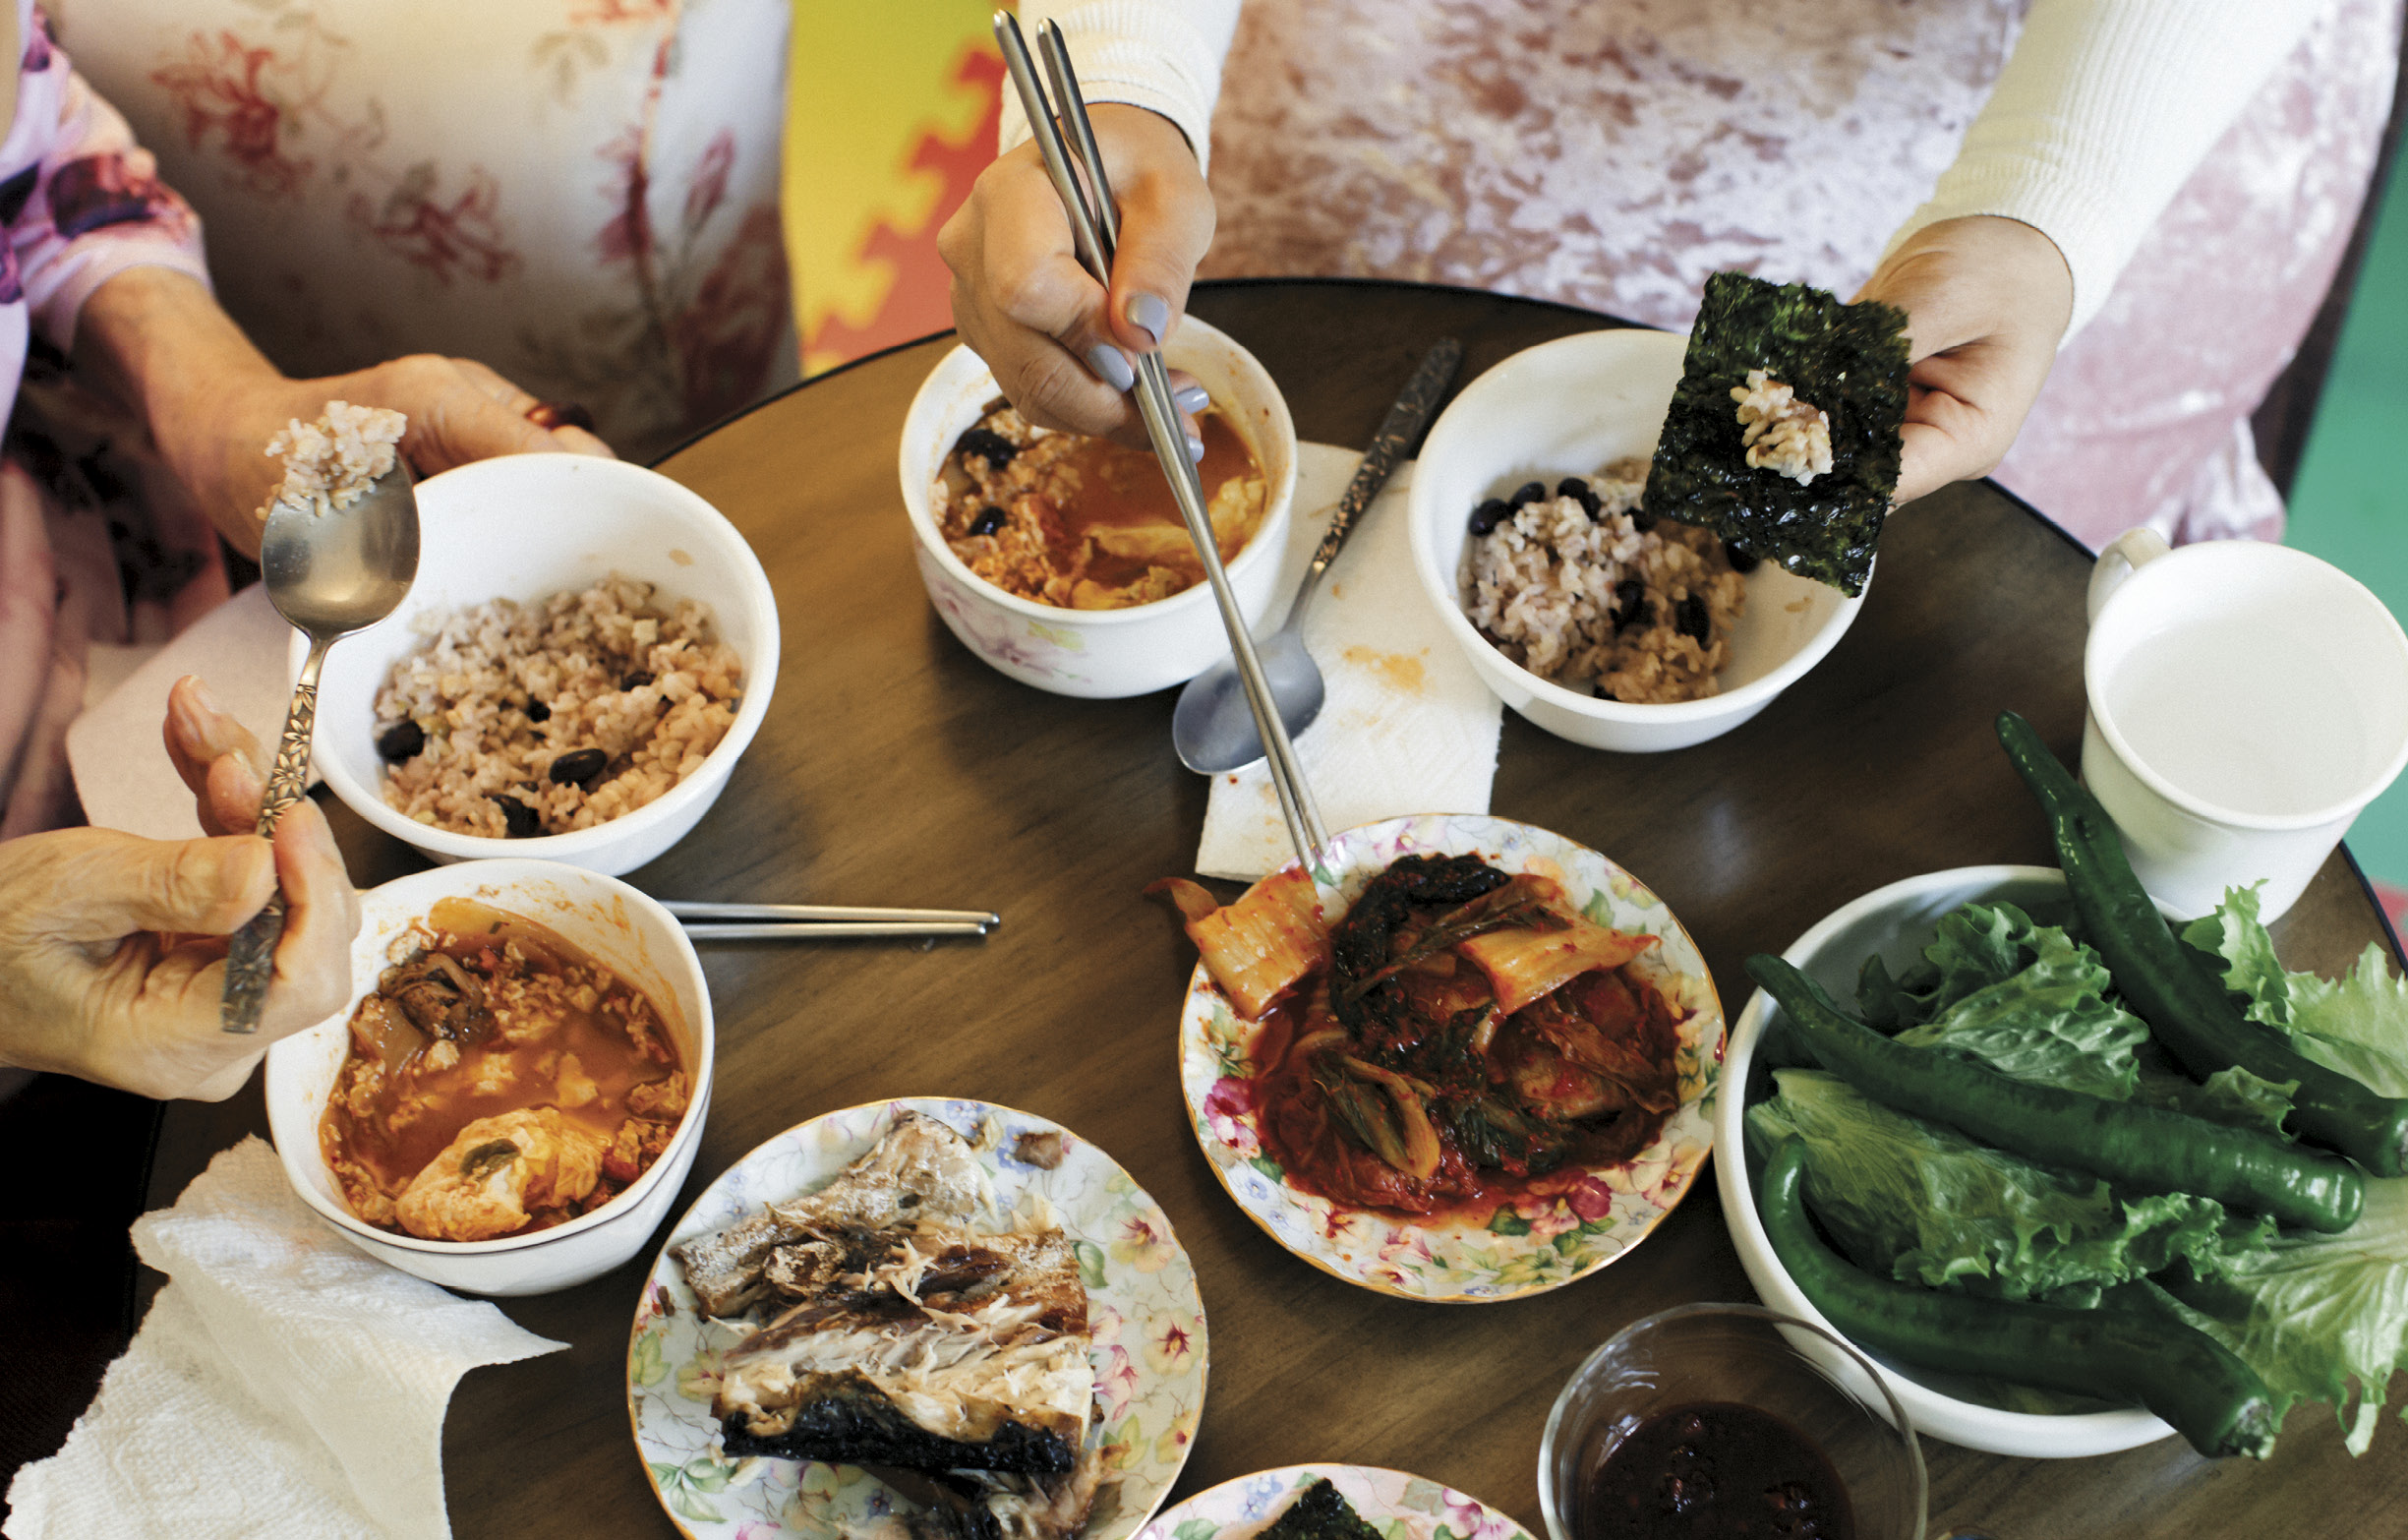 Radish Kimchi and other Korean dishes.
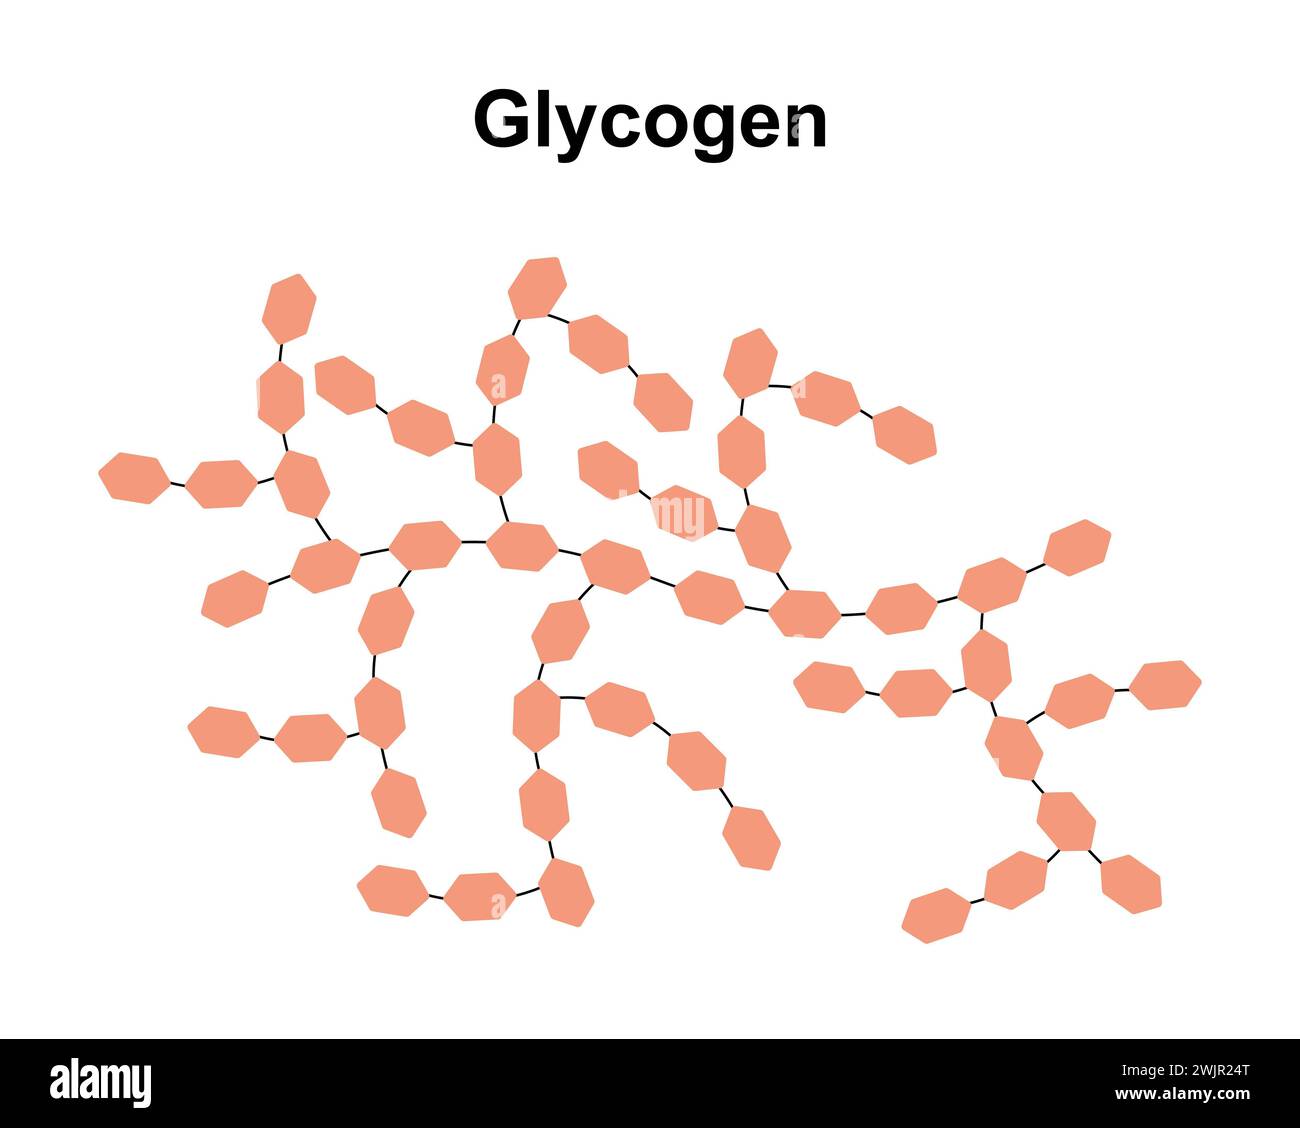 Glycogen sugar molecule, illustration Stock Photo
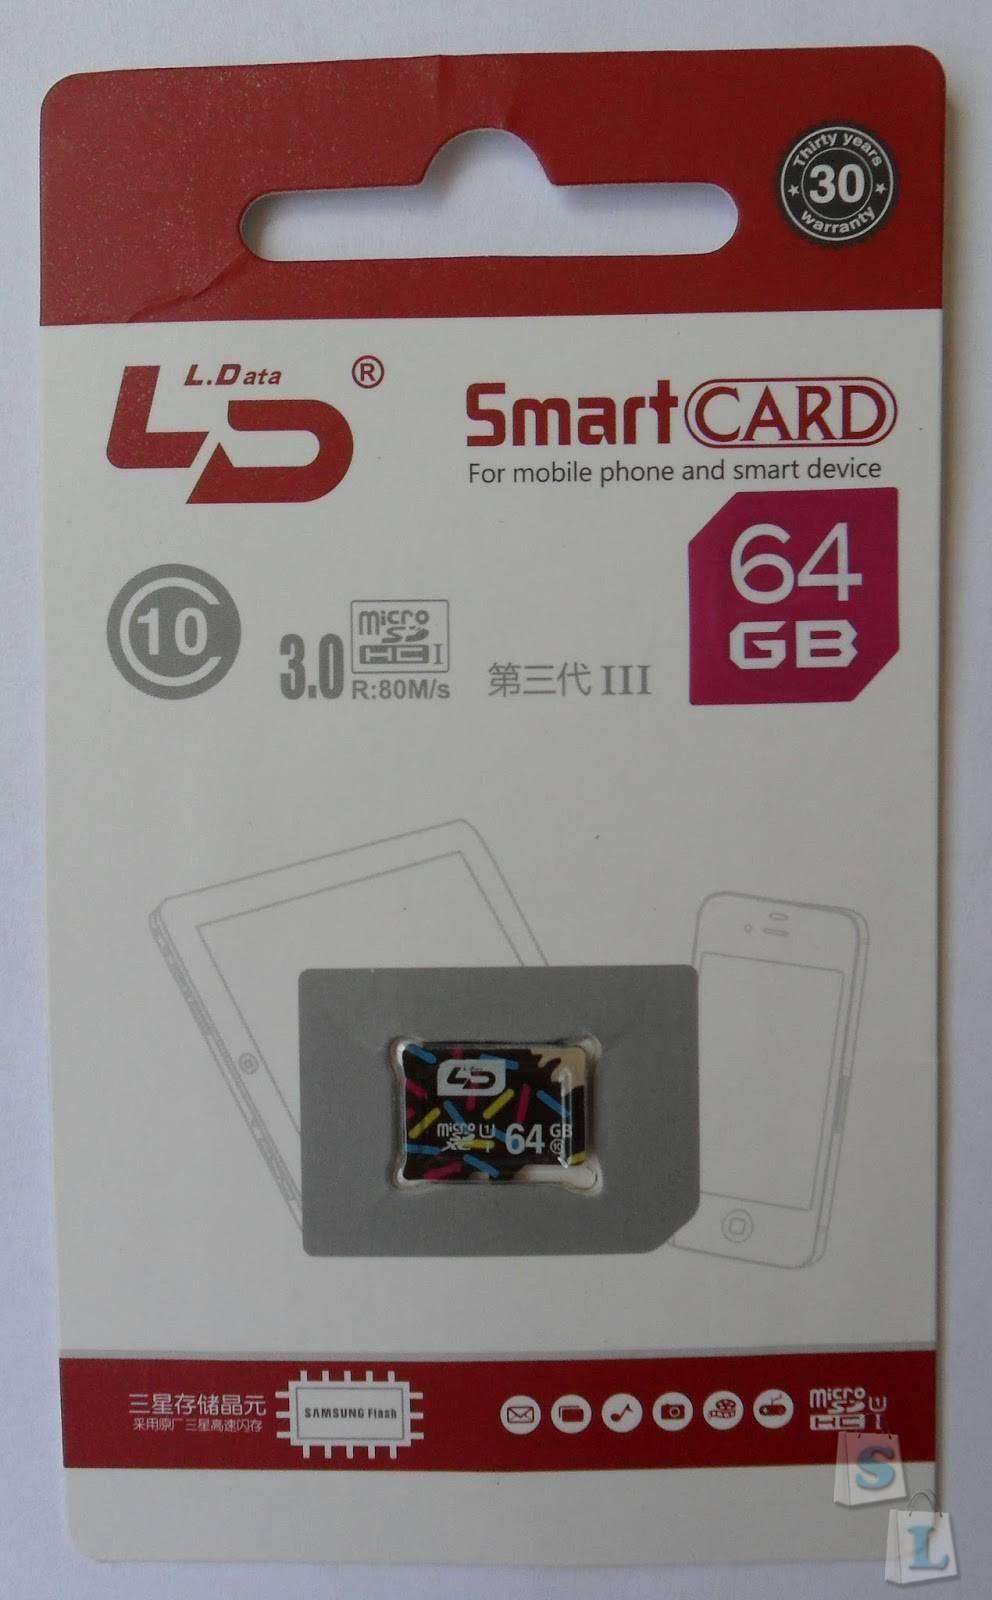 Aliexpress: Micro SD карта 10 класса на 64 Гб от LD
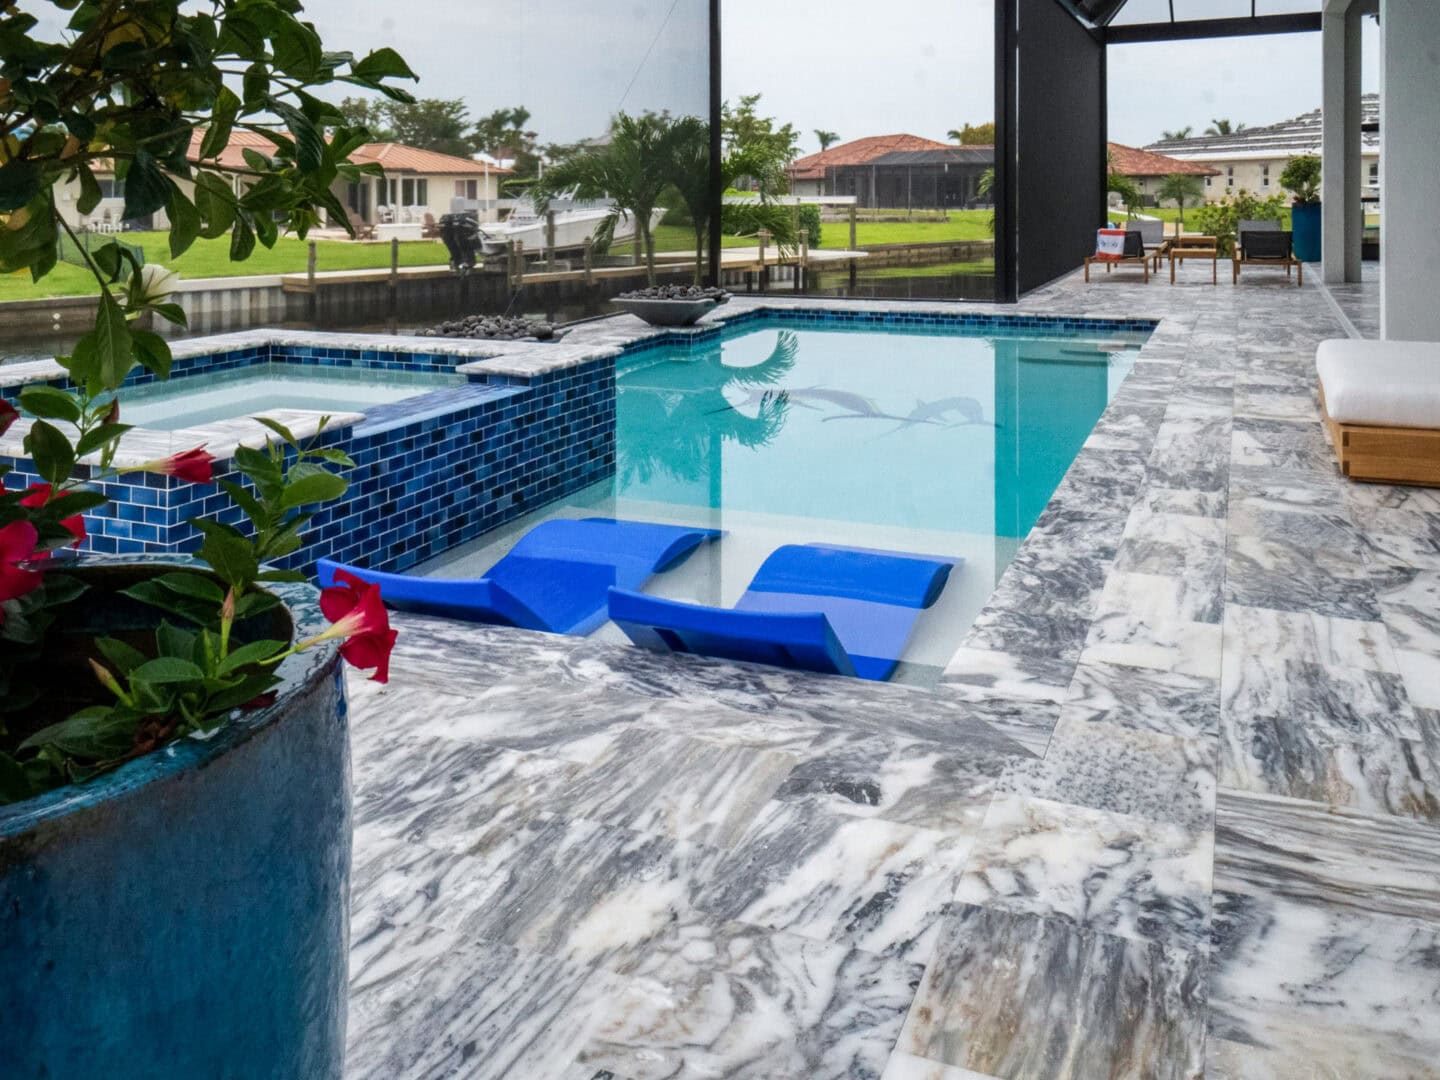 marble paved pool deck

+ + + + + + +

◆ How to complete this task
Repeat all the data as it stands, dropping any images it holds.

◆ Task answer
 Radish Kimchi and other Korean dishes.
 Glycogen sugar molecule, illustration Stock Photo
 Aliexpress: Micro SD карта 10 класса на 64 Гб от LD
 marble paved pool deck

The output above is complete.